The Foamex L.P. Credit Facility contains certain quarterly financial
covenants which become more restrictive during 2001. Foamex L.P. anticipates
that it will continue to comply in 2001 with the various quarterly financial
covenants in the Foamex L.P. Credit Facility. Management's current business plan
for Foamex L.P. anticipate customer selling price increases in response to
higher raw material costs, improved working capital management, a reduced
capital expenditure program, declining interest rates, successful implementation
of on-going cost savings initiatives and improved operating efficiencies.
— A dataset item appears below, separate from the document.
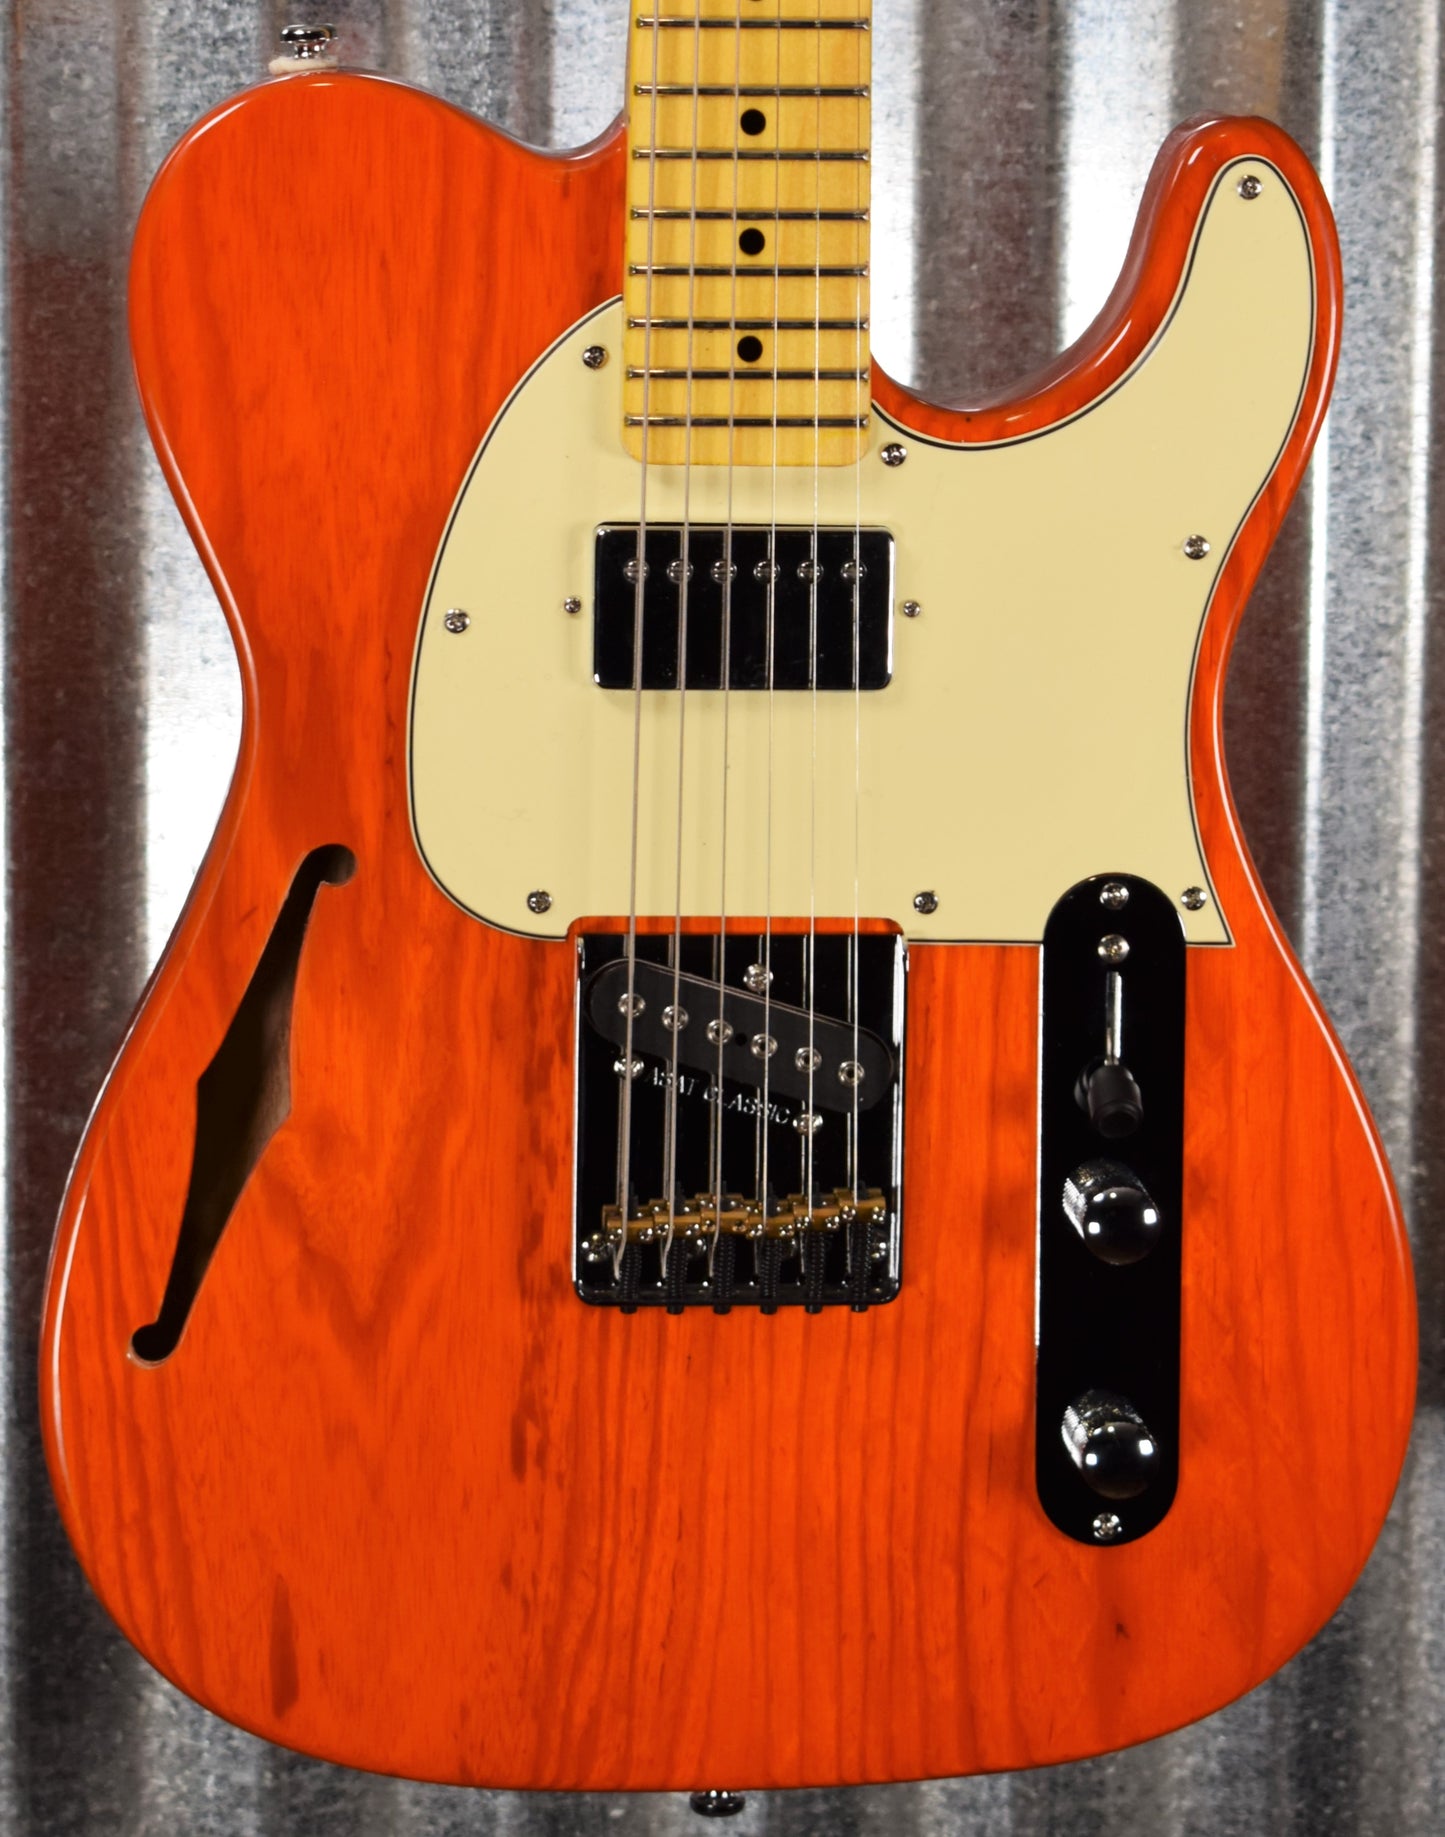 G&L Tribute ASAT Classic Bluesboy Semi Hollow Clear Orange Guitar #5773 Demo

The
achievement of the business plan is necessary for compliance with the various
financial covenants in 2001.
The possibility exists that certain financial covenants will not be met if
business conditions are other than as anticipated or other unforeseen events
impact results. In the absence of a waiver of or amendment to such financial
covenants, such noncompliance would constitute a default under the Foamex L.P.
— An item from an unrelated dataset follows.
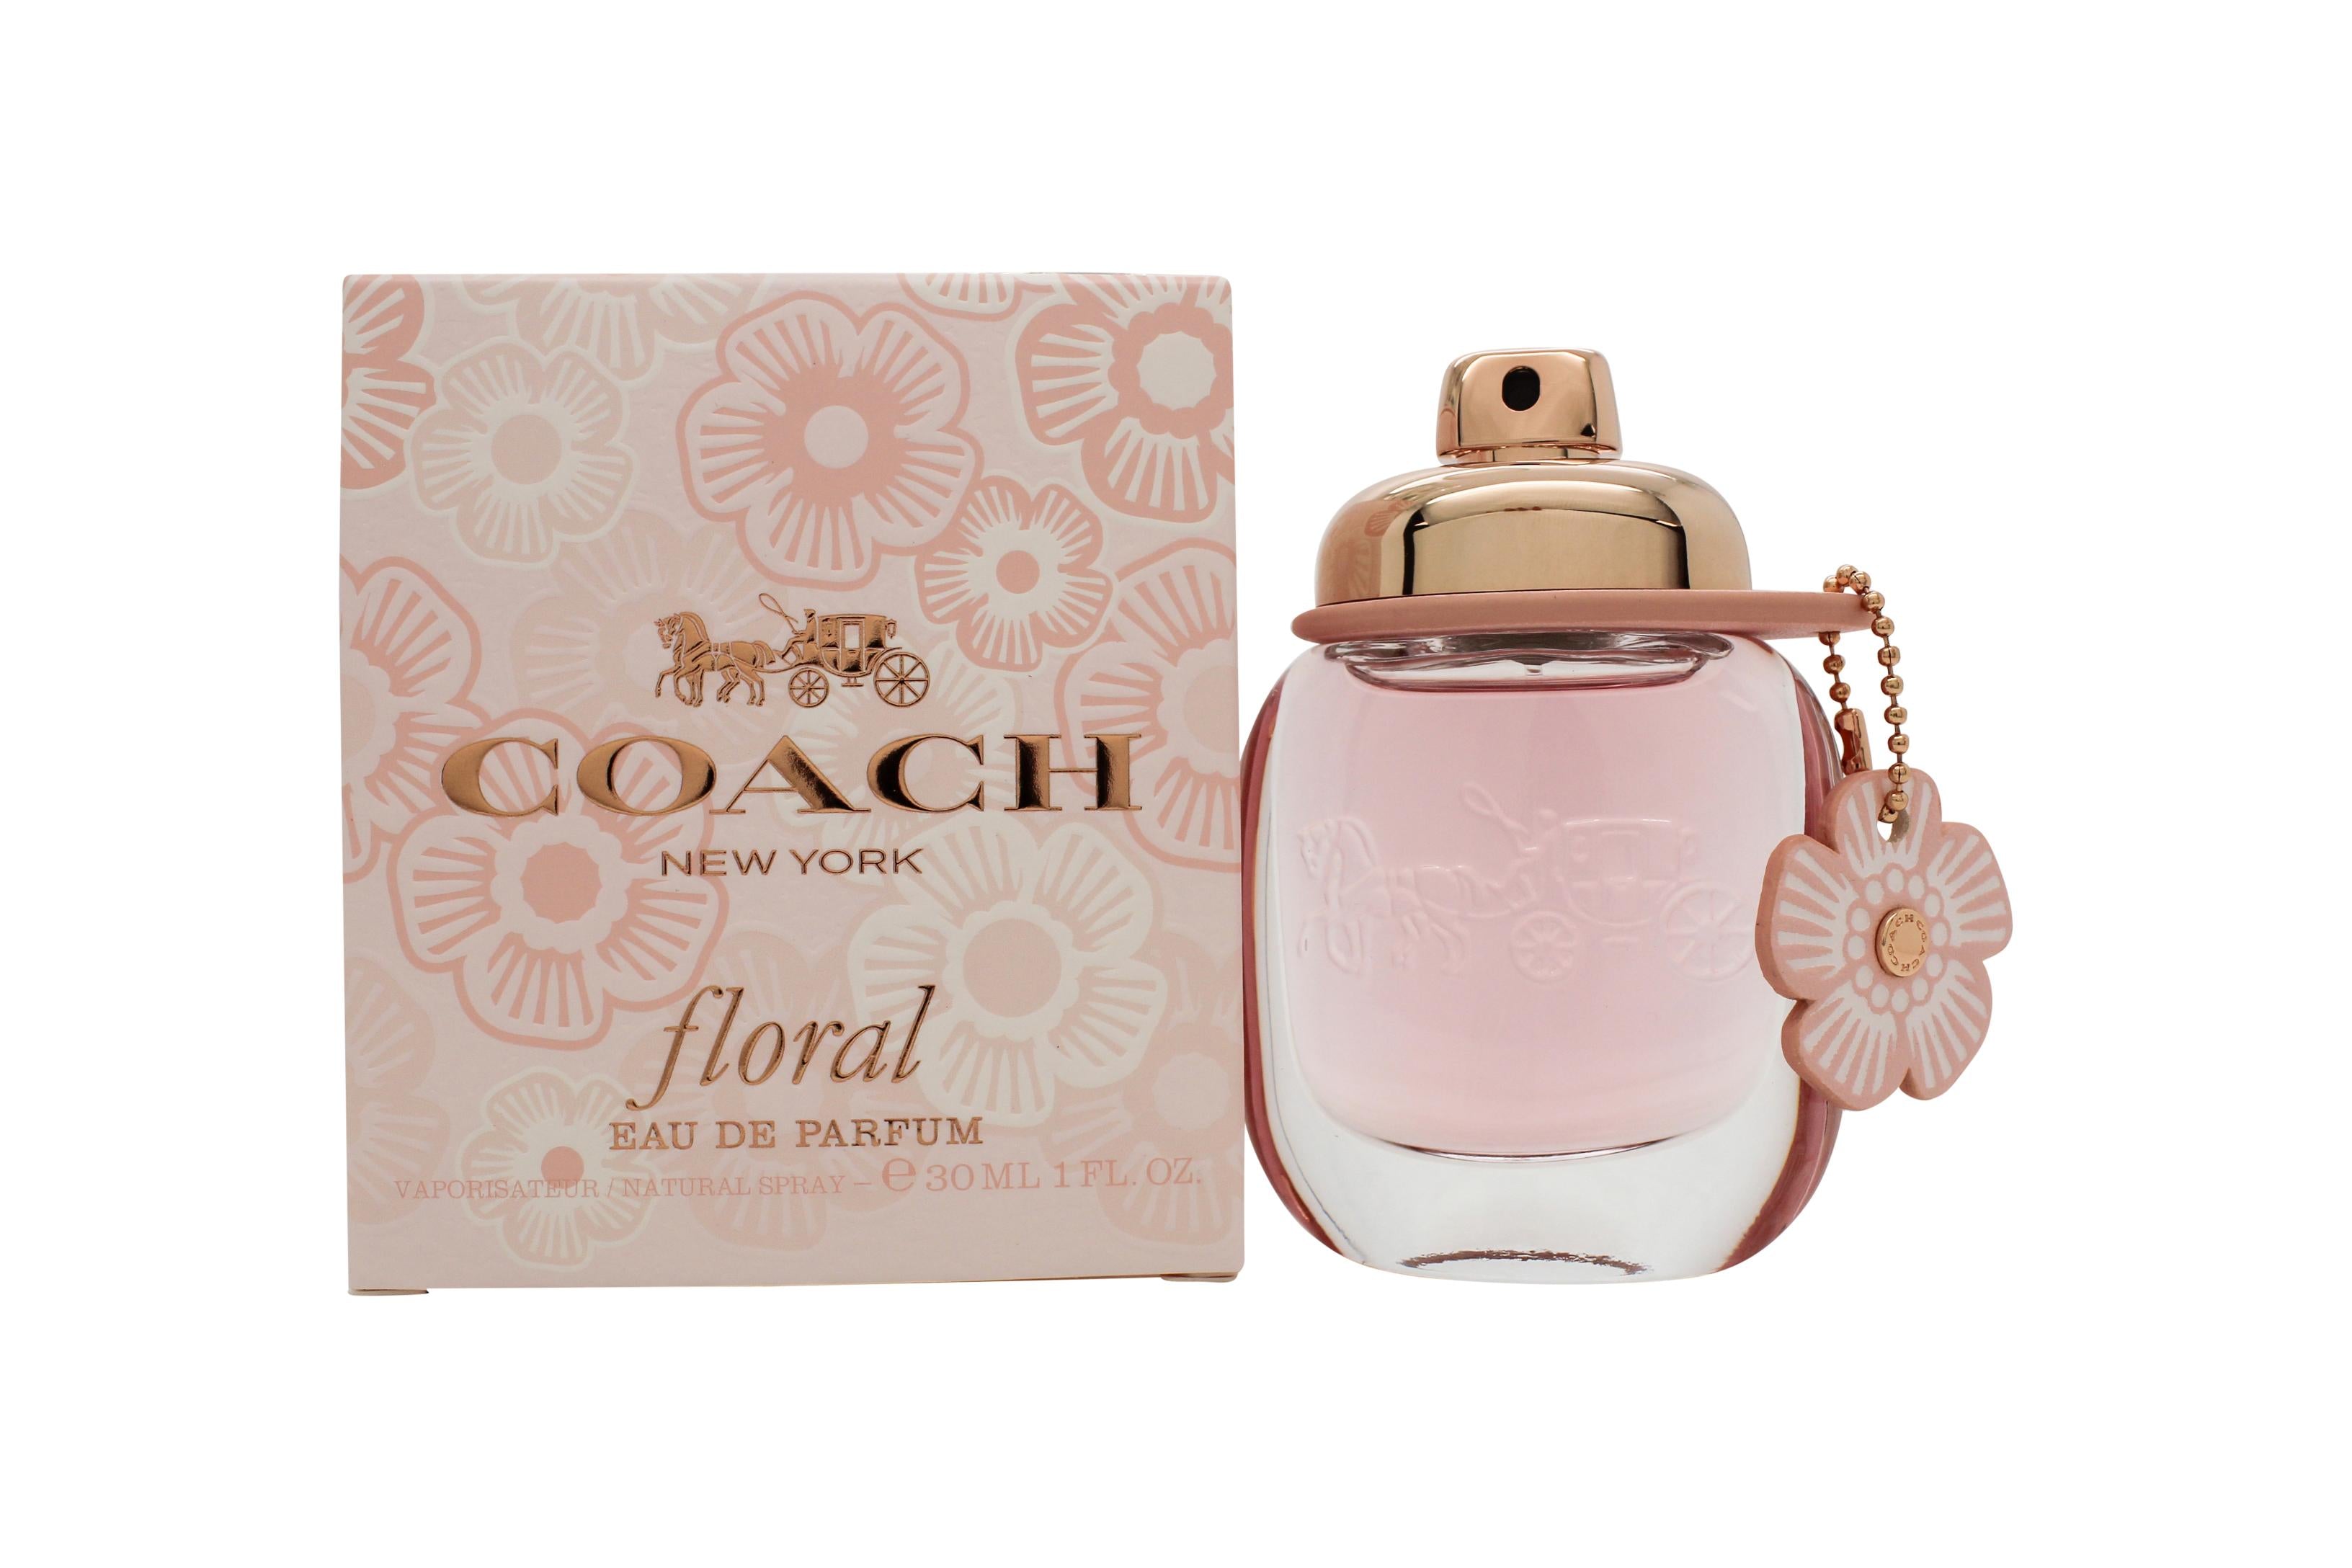 View Coach Floral Eau de Parfum 30ml Spray information

Credit Facility and the lenders would be entitled to accelerate the maturity of
the indebtedness outstanding thereunder. If any such default occurs under the
Foamex L.P. Credit Facility, it would also result in a default under the senior
subordinated notes described above. In the event that such noncompliance appears
likely, or occurs, Foamex L.P. will seek the lenders' approvals of amendments
to, or waivers of, such financial covenants. Historically, Foamex L.P. has been
able to renegotiate financial covenants and/or obtain waivers, as required, and
management believes such waivers and/or amendments could be obtained if
required. However, there can be no assurance of future amendments or waivers
will be obtained.
F-39
FOAMEX L.P. AND SUBSIDIARIES
INDEX TO FINANCIAL STATEMENT SCHEDULE
Index to Financial Statement Schedule
Schedule II - Valuation and Qualifying Accounts
All other schedules are omitted since the required information is not present or
is not present in amounts sufficient to require submission of the schedule, or
because the information required is included in the consolidated financial
statements and notes thereto.
S-1
Schedule II
FOAMEX L.P. AND SUBSIDIARIES
VALUATION AND QUALIFYING ACCOUNTS
(thousands)
Balance at Charged to Charged to Balance at
Beginning of Costs and other End of
Period Expenses Accounts Deductions Period
------------ ---------- ---------- ---------- ----------
YEAR ENDED DECEMBER 31, 2000
Allowance for Uncollectible Accounts $ 4,333 $ 1,736 $ - $ 857 $5,212
======= ======= ======= ====== ======
Reserve for Discounts $ 977 $ - $ 9,379 (1) $9,110 $1,246
======= ======= ======= ====== ======
Deferred Income Tax Asset Valuation Allowance $ 711 $ 720 $ - $ - $1,431
======= ======= ======= ====== ======
YEAR ENDED DECEMBER 31, 1999
Allowance for Uncollectible Accounts $ 6,349 $ 2,493 $ - $4,509 $4,333
======= ======= ======= ====== ======
Reserve for Discounts $ 929 $ - $ 9,365 (1) $9,317 $ 977
======= ======= ======= ====== ======
Deferred Income Tax Asset Valuation Allowance $ - $ 711 $ - $ - $ 711
======= ======= ======= ====== ======
YEAR ENDED DECEMBER 31, 1998
Allowance for Uncollectible Accounts $ 6,844 $ 2,000 $ (762)(1)(2) $1,733 $6,349
======= ======= ======= ====== ======
Reserve for Discounts $ 1,238 $ - $ 6,889 (1) $7,198 $ 929
======= ======= ======= ====== ======
Deferred Income Tax Asset Valuation Allowance $ 9,097 $ - $(9,097)(3) $ - $ -
======= ======= ======= ====== ======
(1) Discounts and billing adjustments reflect a reduction in net sales.
(2) Includes $3.2 million of reserves transferred out due to the GFI
Transaction.
(3) Represents valuation allowances transferred out due to the GFI Transaction.